To assemble our dataset, we employ a comprehensive set of sensors, detailed in Table 2 and Figure 1. These include the Ouster OS0-128 LiDAR, known for its wide field of view and high point density; the Insta360 ONE RS 1-Inch 360 Edition camera, which provides high-resolution 360-degree imagery; and the Insta360 Titan camera, capable of capturing professional-grade 11K panoramic videos. We have customized an electric Go-Kart to house these sensors, enabling efficient data collection in both indoor and outdoor environments.

The Ouster OS0-128 LiDAR, combined with the Insta360 ONE RS 1-Inch 360 Edition camera, is adapted from the Stereye Polar 3D Scanner. This setup includes an Xsens Mti-630 IMU, which supports precise LiDAR-Inertial-Visual odometry, enabling real-time environmental scanning and previews on mobile devices. The Stereye Polar post-processing software streamlines the workflow by extracting essential data, including LiDAR and ONE RS camera poses, colored point clouds, textured meshes, and raw RGB and LiDAR data.

The Ouster OS0-128 REV6 is an ultra-wide field-of-view LiDAR sensor, featuring a 90° vertical FOV and a 35-meter range at a 10% reflectivity. With 128 channels, it outputs up to 5.2 million points per second. Powered by the L2X digital LiDAR chip, this sensor can output up to 5.2 million points per second, capturing both the strongest and second-strongest light returns for each point [38].

The Insta360 ONE RS 1-Inch 360 Edition is a consumer-grade 6K 360 camera, featuring dual 1-inch Sony IMX283 rolling shutter sensors. These large sensors capture 3072 × 3072 fisheye images, enhancing light capture and detail for higher-quality images and videos with reduced noise [39].

The Insta360 Titan, on the other hand, is a professional-grade 360 camera that records 11K panoramic videos. It features eight Sony IMX269 Micro-4/3″ sensors, known for their high image quality. These sensors, typically used in DSLR cameras, contribute to the Titan’s exceptional image and video output [40].

In our setup, the cameras offer limited manual control, primarily relying on automatic settings with fixed exposure times and ISO values. Each camera has specific thresholds for ISO and exposure time to maintain optimal image quality. For instance, the ONE RS produces excessive noise above ISO 800, while the Titan becomes noisy above ISO 1600. Additionally, exposure times shorter than 1/100 s typically avoid motion blur.
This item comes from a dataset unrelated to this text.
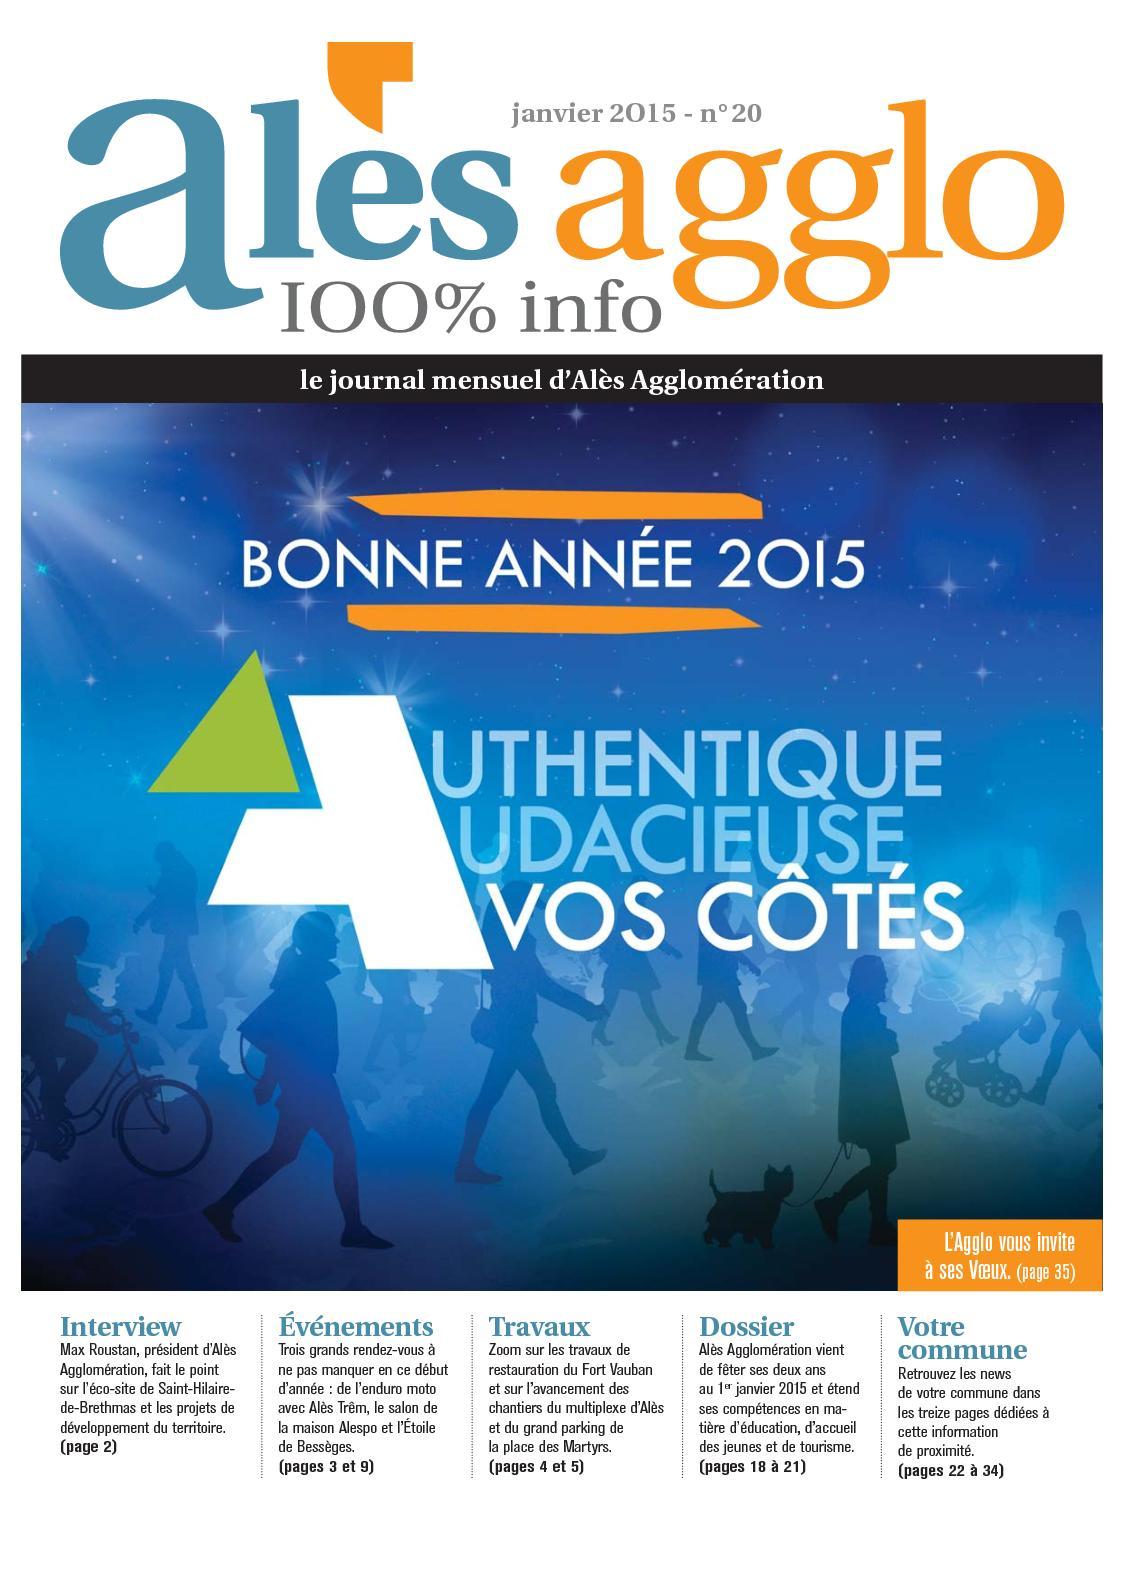 Calaméo Journal Alès Agglo N20 Janvier 2015

We conducted tests under various lighting conditions to adjust these settings accordingly. In well-lit environments, both motion blur and significant noise are minimized, resulting in good image quality across different sensor configurations. However, in low-light conditions, adjusting the settings can introduce either motion blur or noise. To ensure the highest-quality data, we carefully selected the best settings for each scenario. For synchronization and storage efficiency, we recorded in video mode, with the Titan operating at 5 Hz and the ONE RS at 24 Hz, then extracted frames from the videos and assigned timestamps for further processing.

For large-scale scenes, our primary goal is to avoid relying solely on traditional Structure-from-Motion (SfM) to obtain camera poses due to its limitations, as we aim to achieve the highest precision in pose estimation. To synchronize the video of Insta360 Titan camera and the ONE RS camera, manual alignment is performed using distinct events, such as clapping, captured at the beginning and end of the video. The calibration of intrinsic and extrinsic parameters for both cameras is carried out using Kalibr [41]. This process provides the intrinsic parameters for each fisheye lens and the necessary extrinsic parameters both between the lenses within one camera and between the cameras. With the initial poses from the ONE RS camera and the extrinsic, we estimate the initial poses of the Titan camera. For large-scale scenes, to further refine the accuracy of the camera poses, Agisoft SFM software is employed. The initial camera poses, derived from LiDAR-Inertial-Visual odometry, serve as constraints within the Agisoft SFM framework to enhance the precision of the pose estimates. Additionally, advanced methods like CP+ [42] may be applied for further refinement and improved accuracy in camera pose estimation.

2.2. Dataset Content

The IVGM dataset encompasses a diverse array of environments, meticulously captured by our custom-designed data acquisition vehicle across three distinct scenes. Shown in Table 3, this collection includes two segments from school office floors and one scene from underground garages.

Office Area 1: As depicted in Figure 2a, this area features long indoor corridors, a public zone with floor-to-ceiling windows overlooking an elevator, and a transparent glass platform offering a view of the atrium.

Office Area 2: Illustrated in Figure 2b, this area includes a series of indoor corridors, an outdoor corridor, a public rest area, administrative offices, and a designated tea break area for relaxation and informal interactions.

Underground Garage: The Underground Garage shown in Figure 2c is located under ShanghaiTech University. To achieve a higher density of visual perspectives, our data capture process involved multiple passes along the main thoroughfare. Additionally, to ensure optimal and uniformly distributed lighting, all lighting fixtures within the garage were activated during the capture process.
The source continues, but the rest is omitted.